Instructions to follow:
Ignoring every picture, transcribe the data in full as it stands.

Collected data:
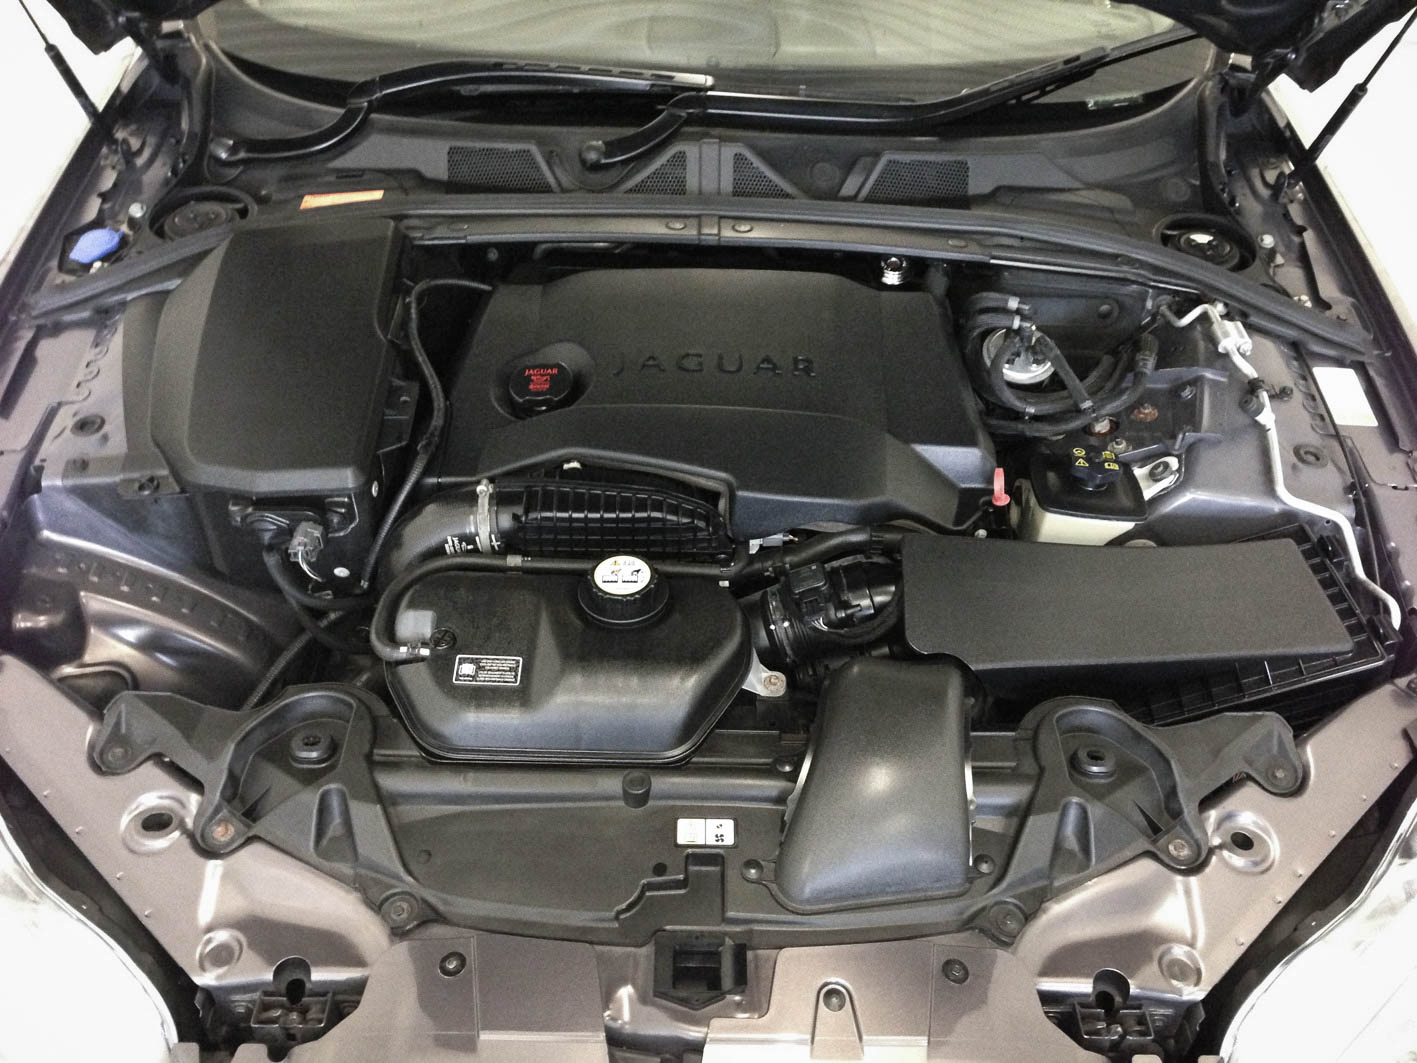 Jaguar XF – Engine
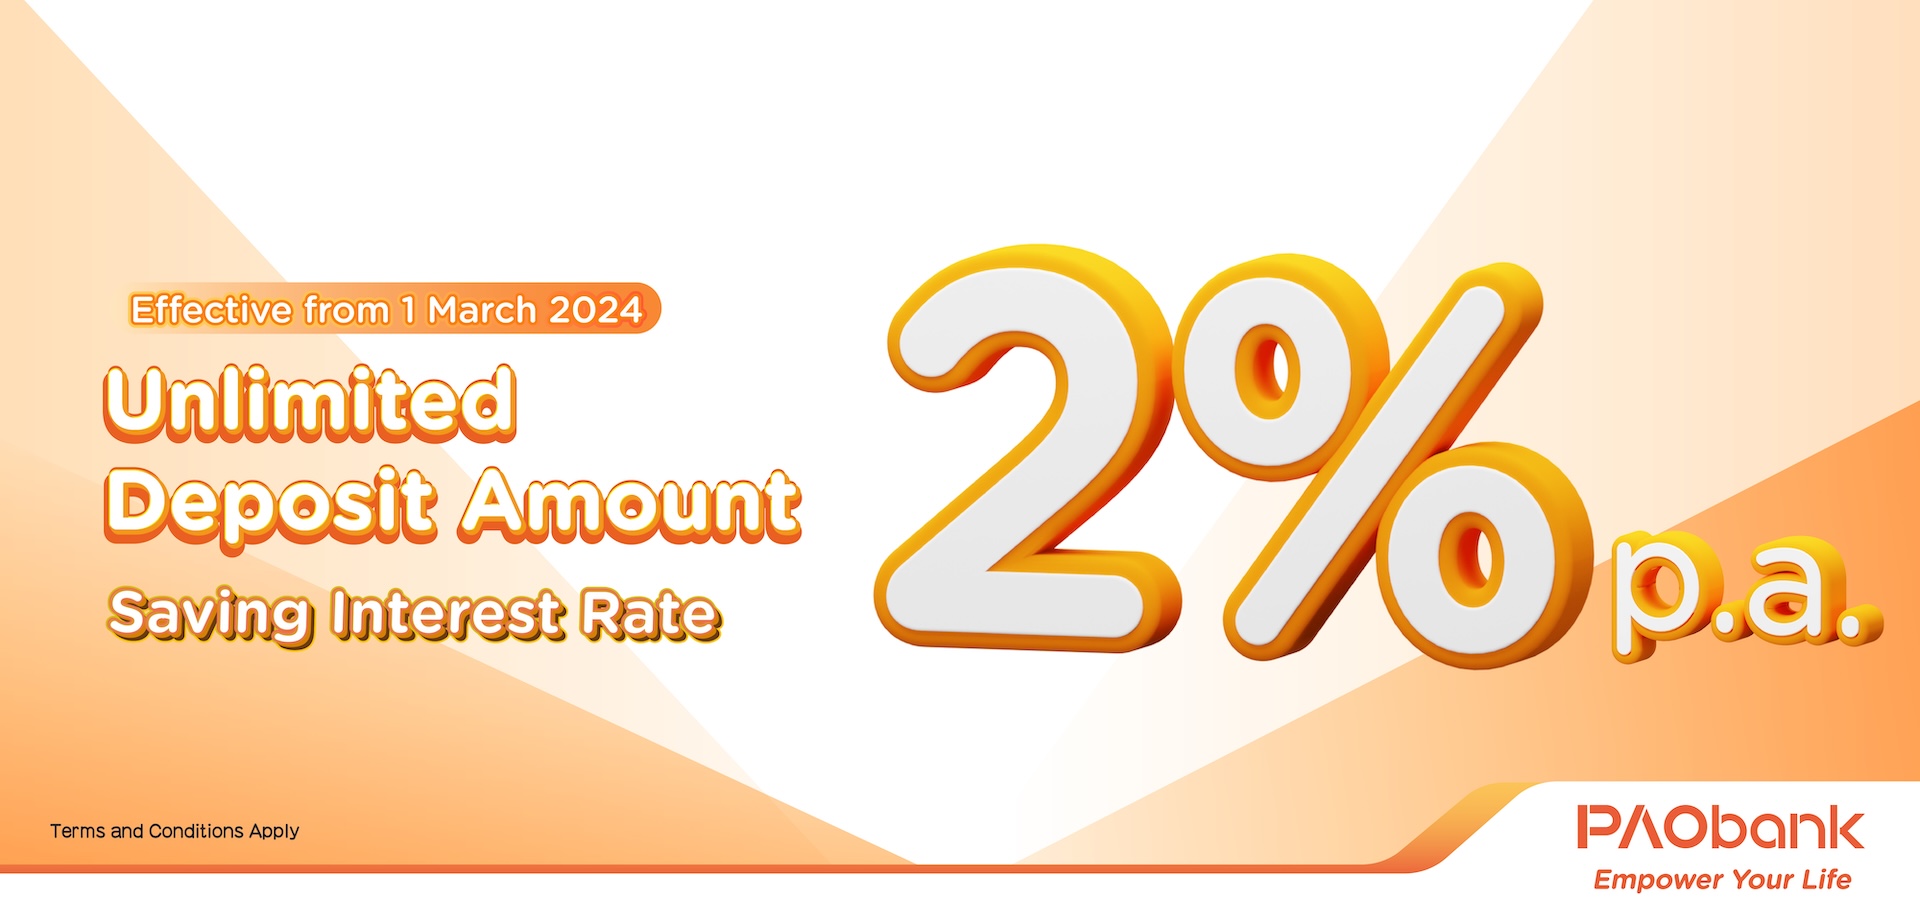 PAObank - Unlimited Deposit Amount
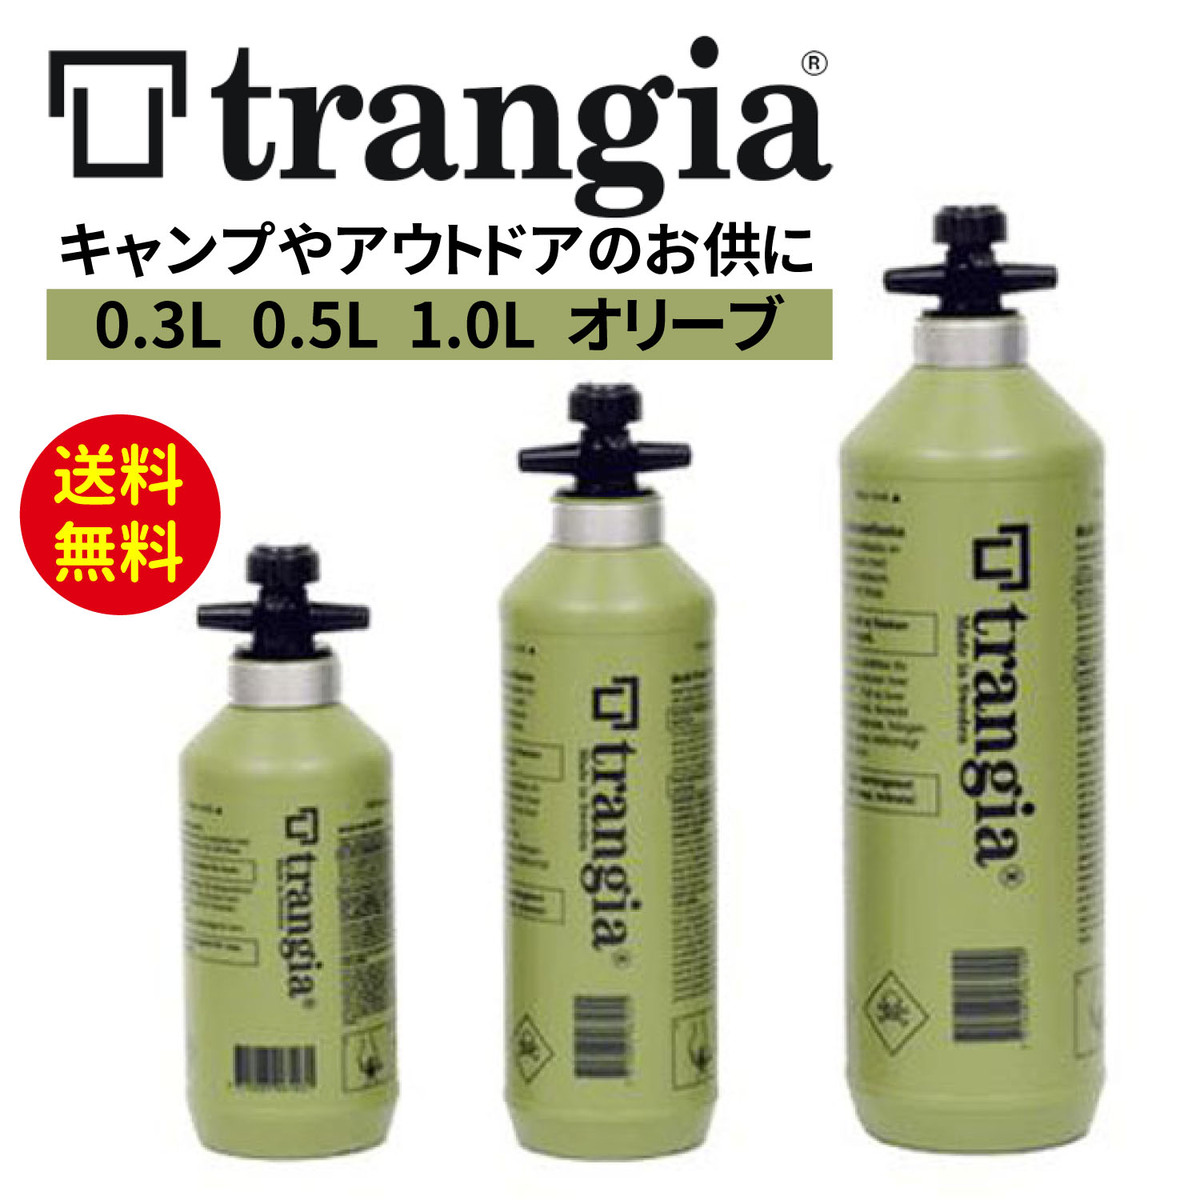 Trangia トランギア フューエルボトル j 0.5L

Answer for this exercise:
 Jaguar XF – Engine
 PAObank - Unlimited Deposit Amount
 Trangia トランギア フューエルボトル j 0.5L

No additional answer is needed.